Once you find the line with "little blond baby" in the entries below, print it and each line after it up to and including the line with "Local Tee - Local Pattern", exactly, without pictures.

▶ **Supplied records**:
[Start of section]

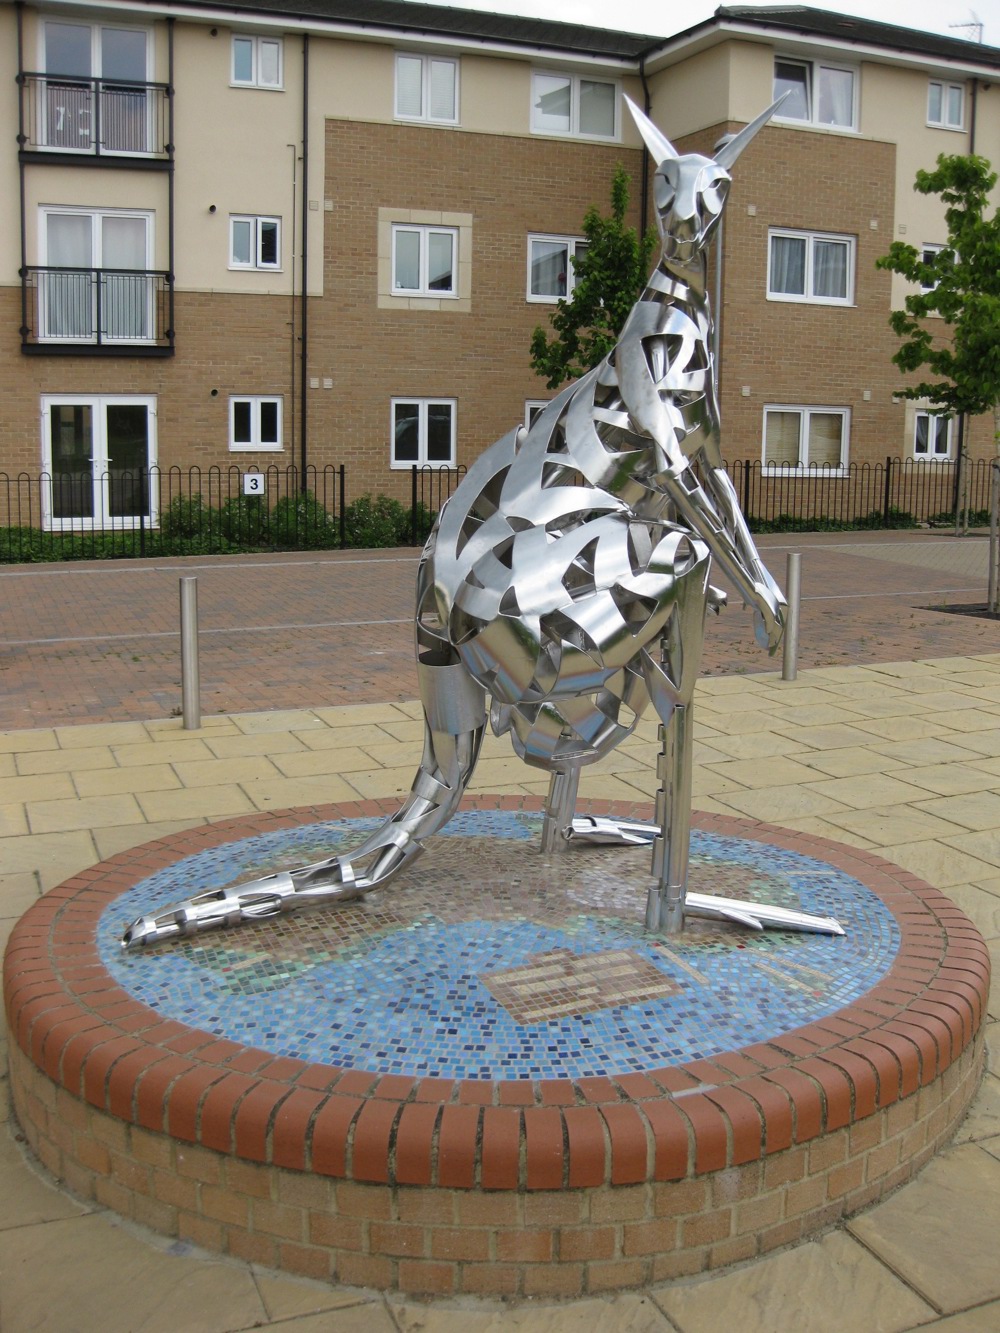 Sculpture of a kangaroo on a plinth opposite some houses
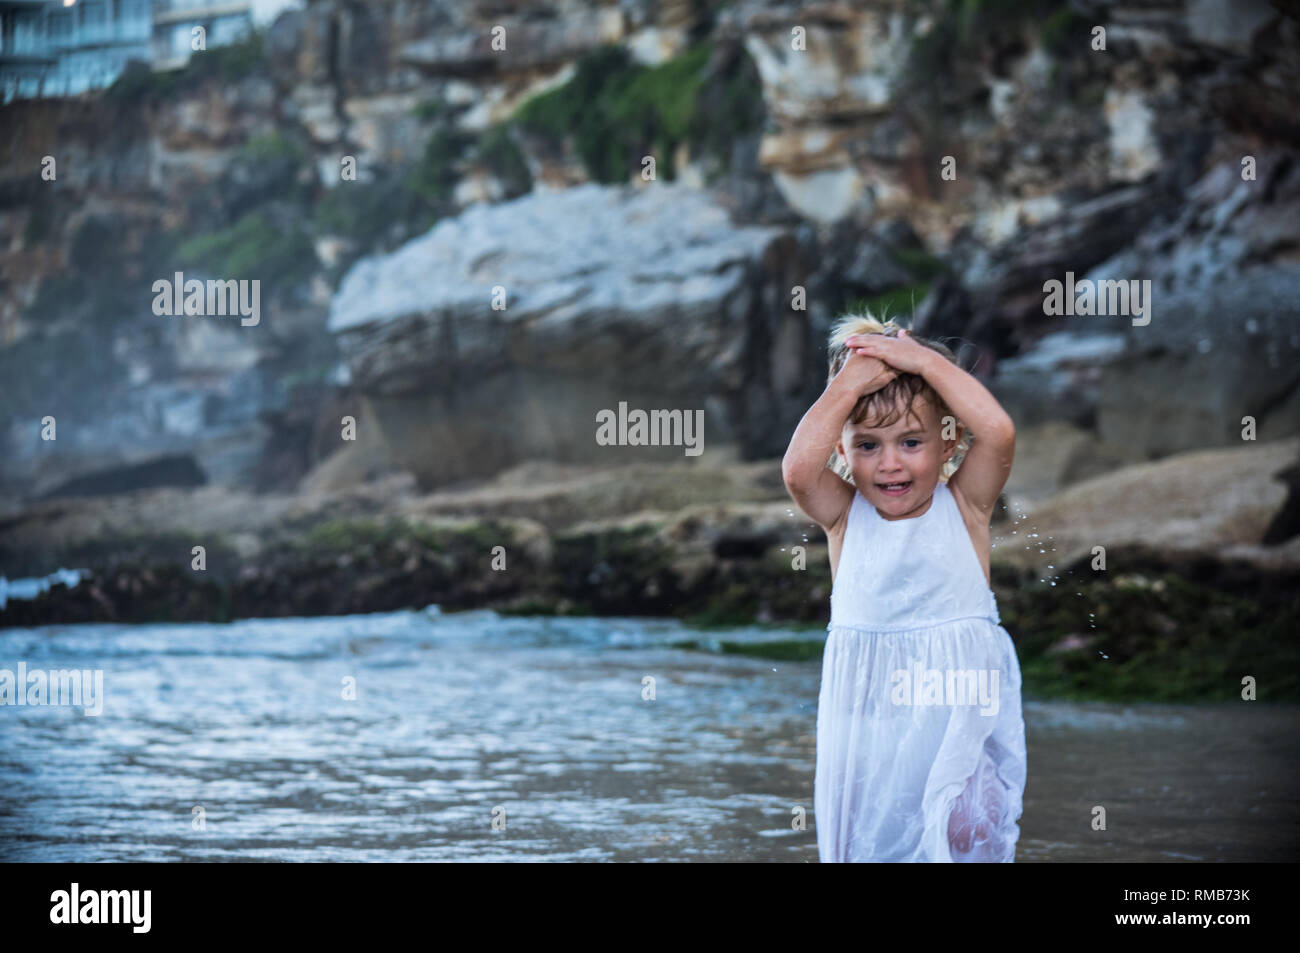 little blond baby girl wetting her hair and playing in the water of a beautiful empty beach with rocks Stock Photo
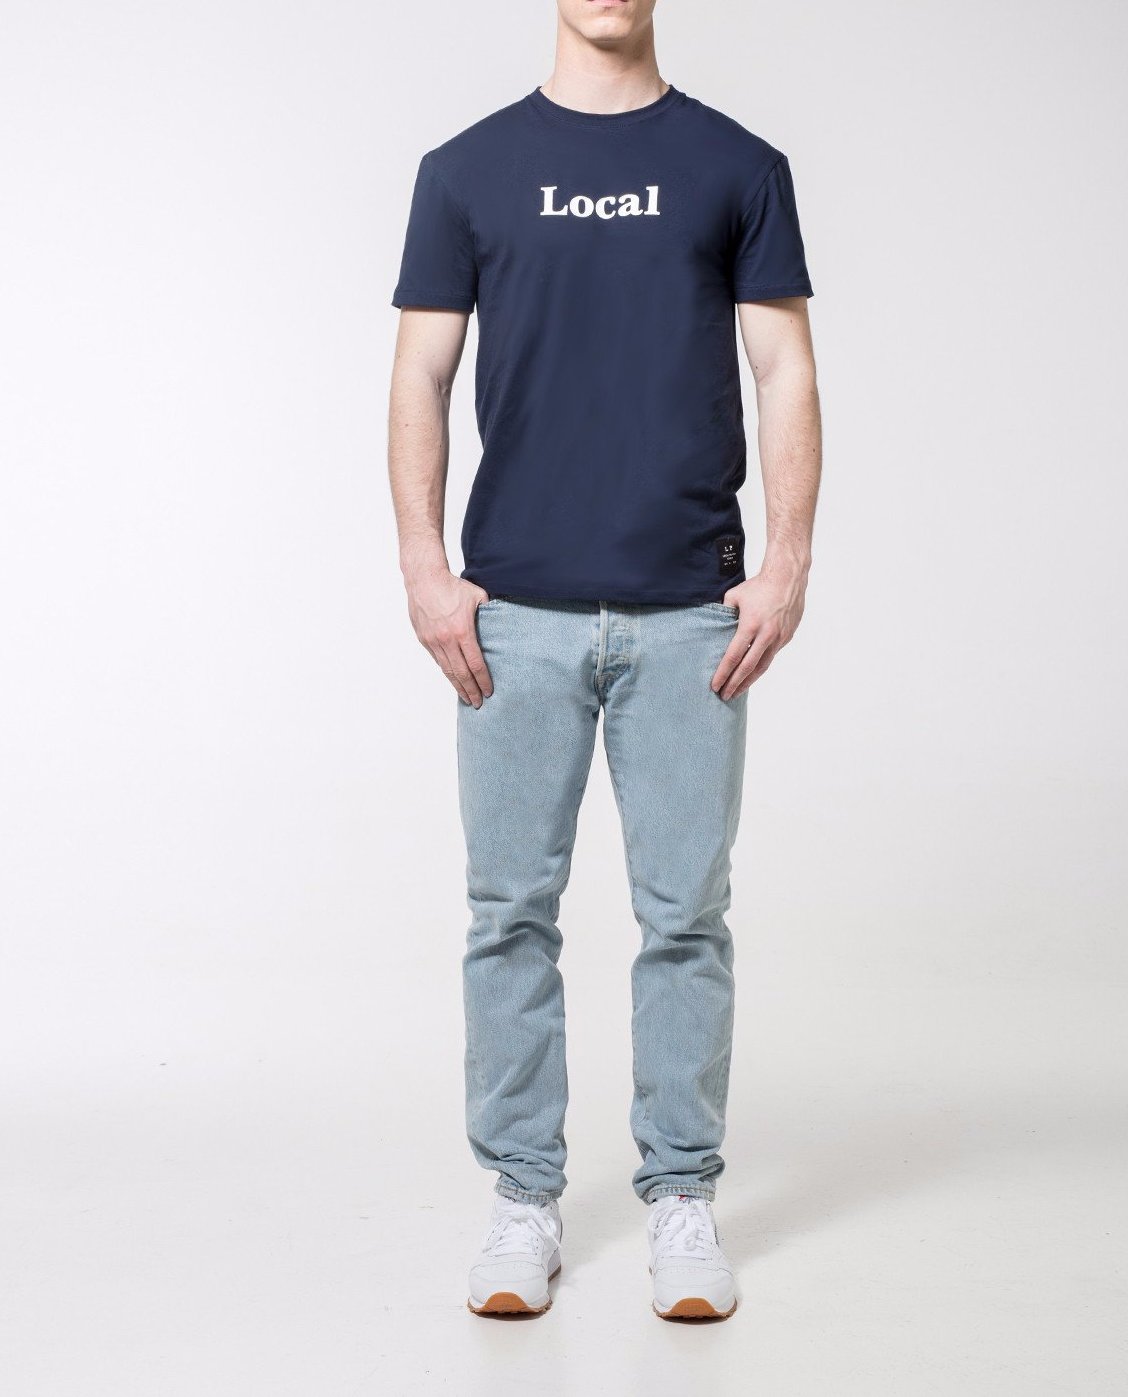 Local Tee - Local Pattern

[End of section]
[Start of section]

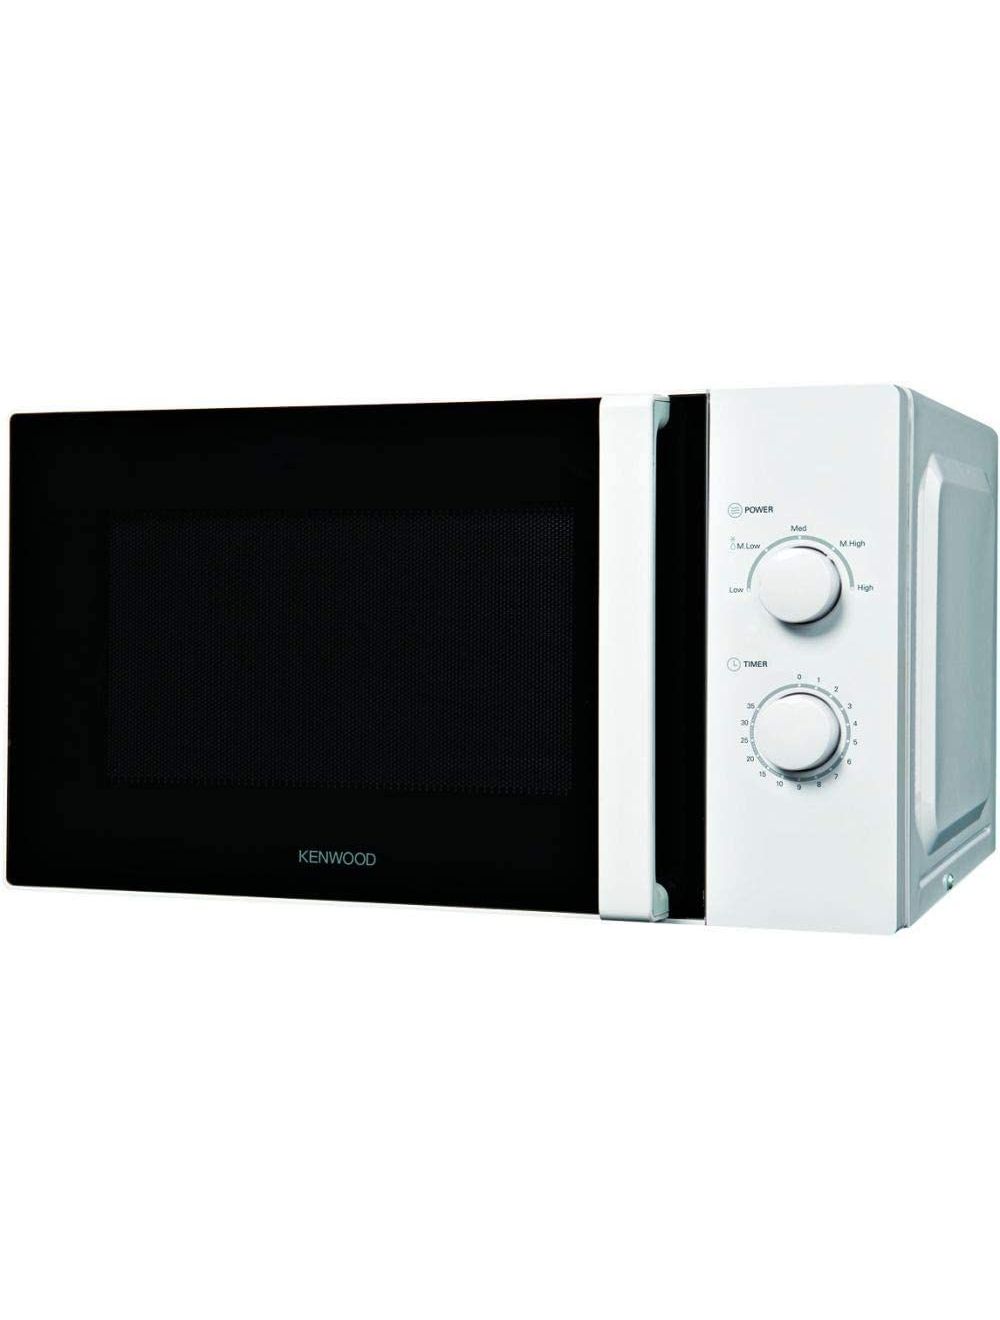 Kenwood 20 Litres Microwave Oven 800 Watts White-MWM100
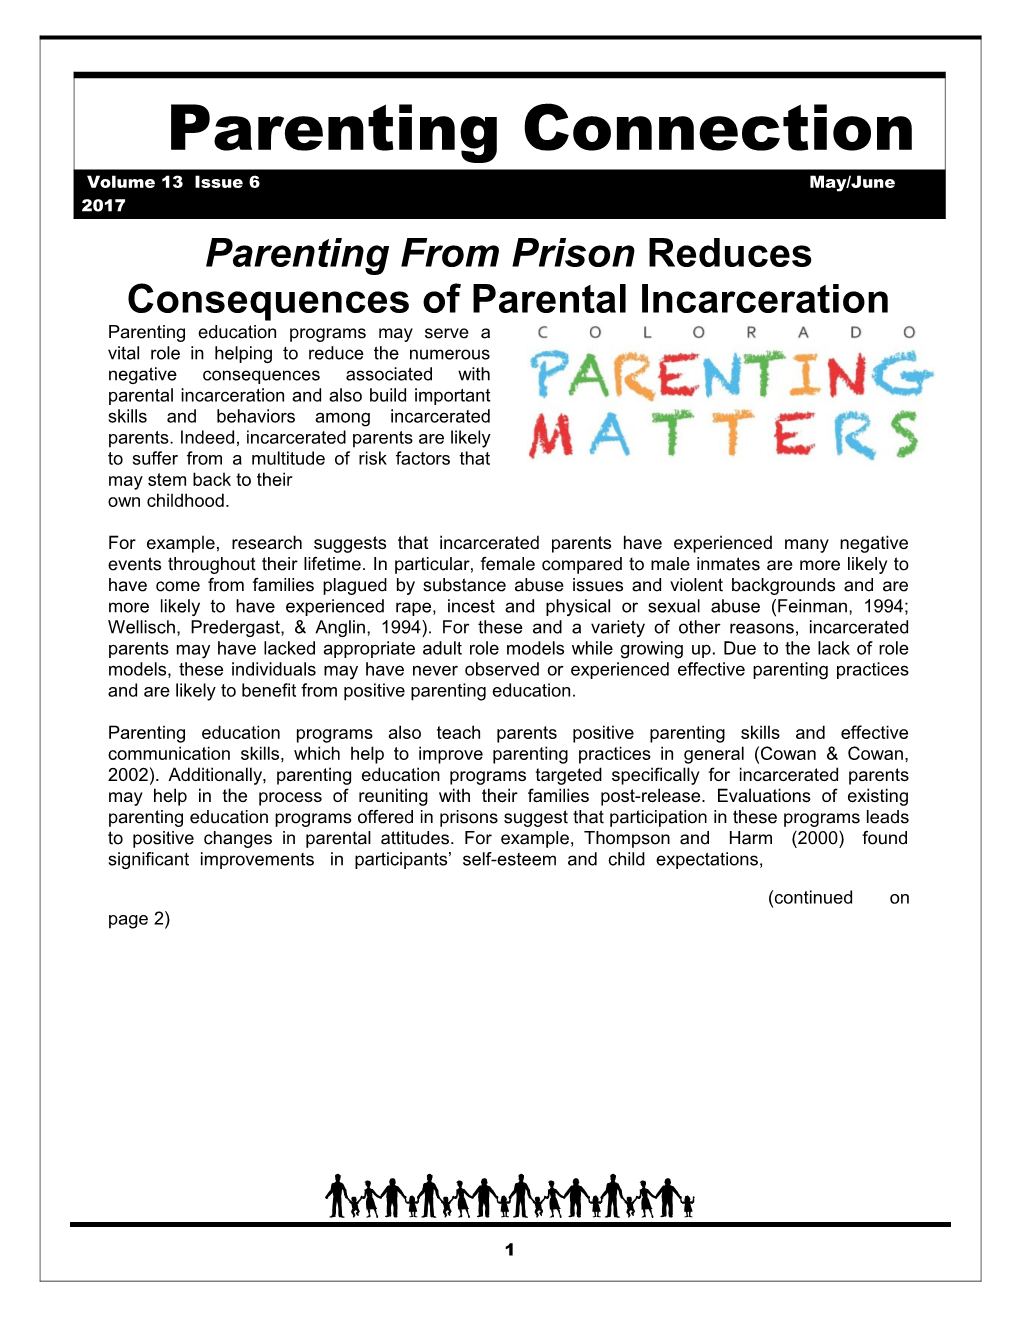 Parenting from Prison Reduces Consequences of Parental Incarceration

[End of section]

▶ **Task answer**:
 little blond baby girl wetting her hair and playing in the water of a beautiful empty beach with rocks Stock Photo
 Local Tee - Local Pattern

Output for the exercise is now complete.